The summer days move by quickly, Autumn close on our heels. We wait now to see what happens with the house of choice and as others are filled with anticipation of things to come, I find myself with uncertain feelings, traveling a road I am not certain I want to be on. It is not the house, as I like it very much, it is a feeling of being trapped, one I find hard to explain. Perhaps it is the fatigue and stress associated with this process as certainly both have been overwhelming. My family needs a home but a part of my soul feels resigned and at times I worry I will pull within, closing myself off for survival.
Surely this will seem childish and whiny to many. I know I am fortunate to even think of buying a home, when so many are losing theirs. I am fortunate to have a roof over my head, though right now that roof is small and we are cramped together. These feelings are real, however, and if I push them down or resign them to the pages of a private journal I fear I will never resolve them and move on.

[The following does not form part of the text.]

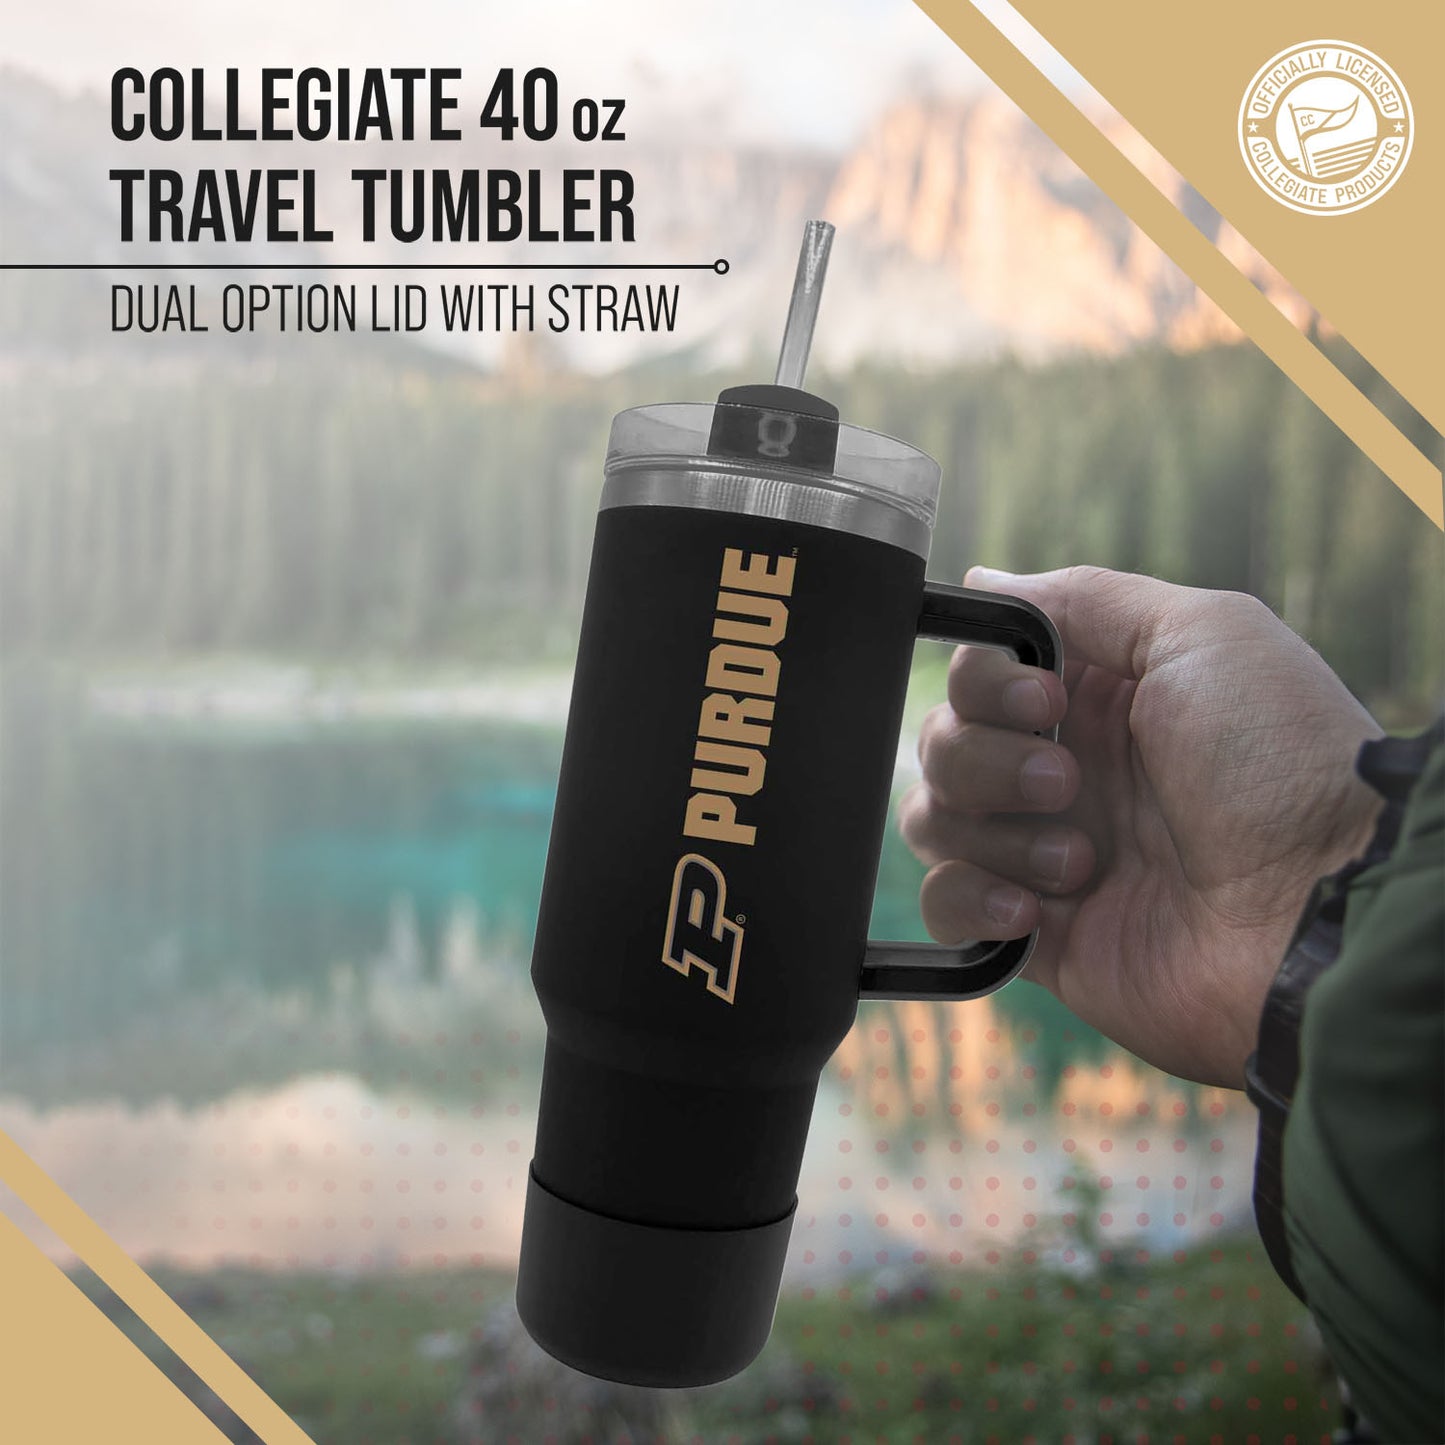 Purdue Boilermakers College & University 40 oz Travel Tumbler With Handle - Black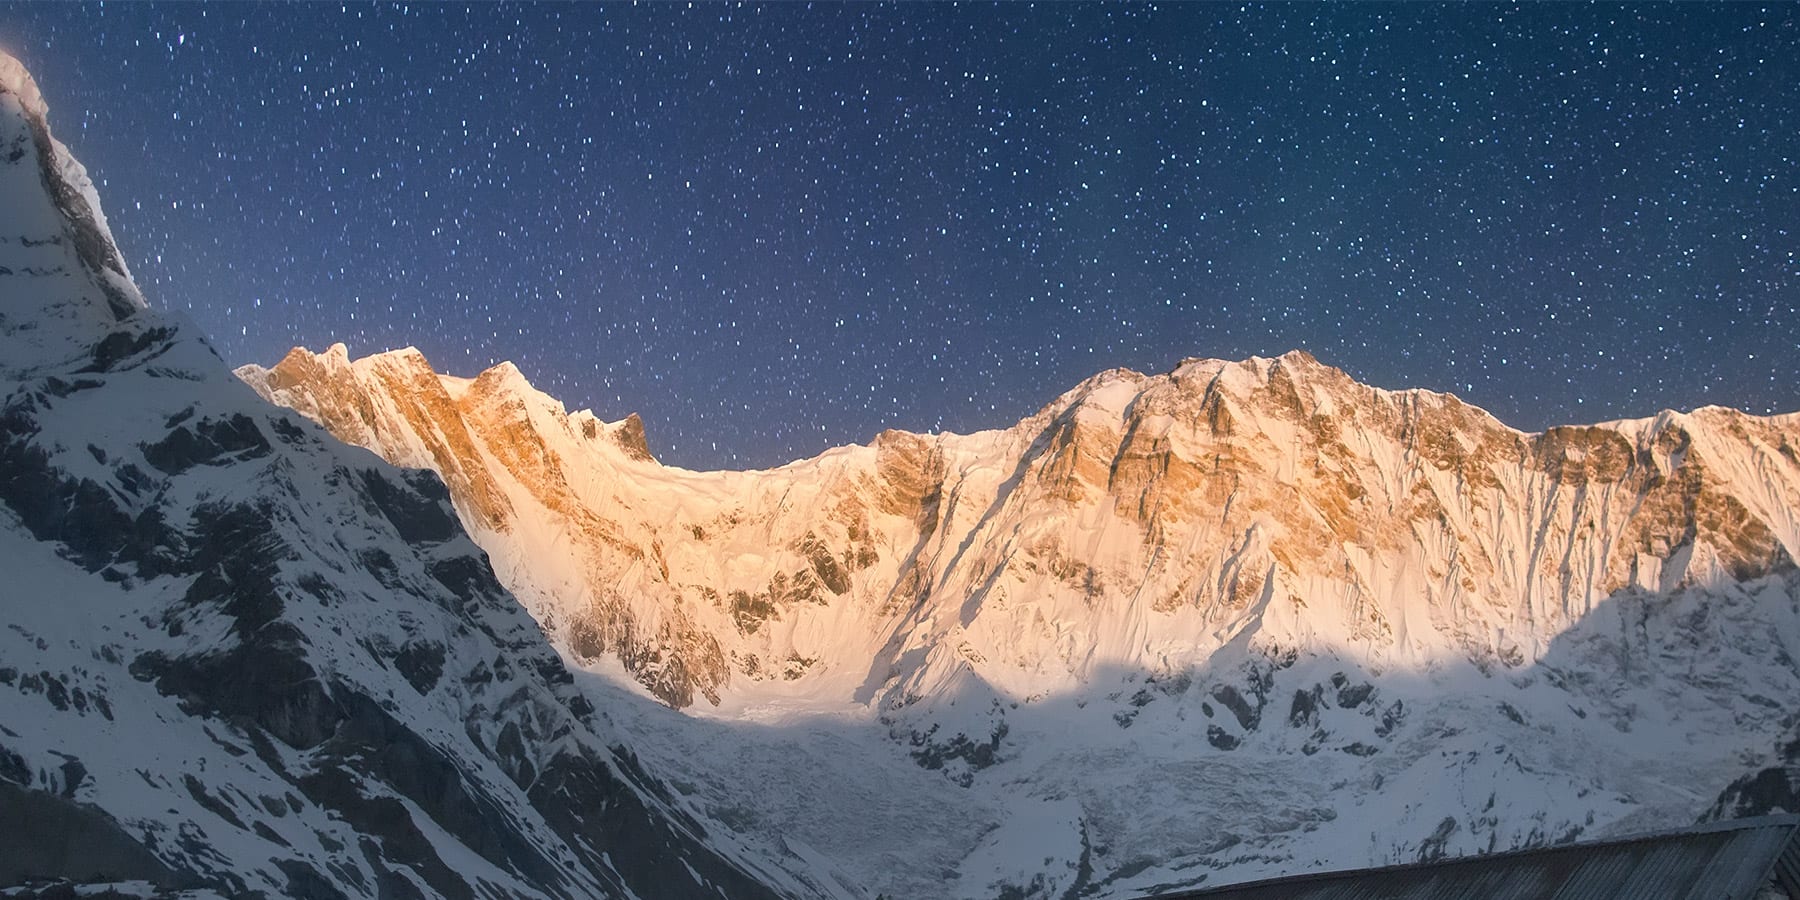 Evening scene: starry sky framed by snowy Annapurna mountain peaks

Last night while I sat at my desk and surrounded myself with the moon. I realized how much I needed to feel her light and remembered the breathtaking reflection made on the still water of the lake. Too many details, phone calls and emails have pushed away the ability to hear the quiet voices and to understand this journey I am taking. Once settled, I imagine this will all pass and I will make sense of it. The moon can shine her light on the small pond behind the house I hope to purchase and maybe then those voices will return. Maybe the moon knows where it is I am traveling and why.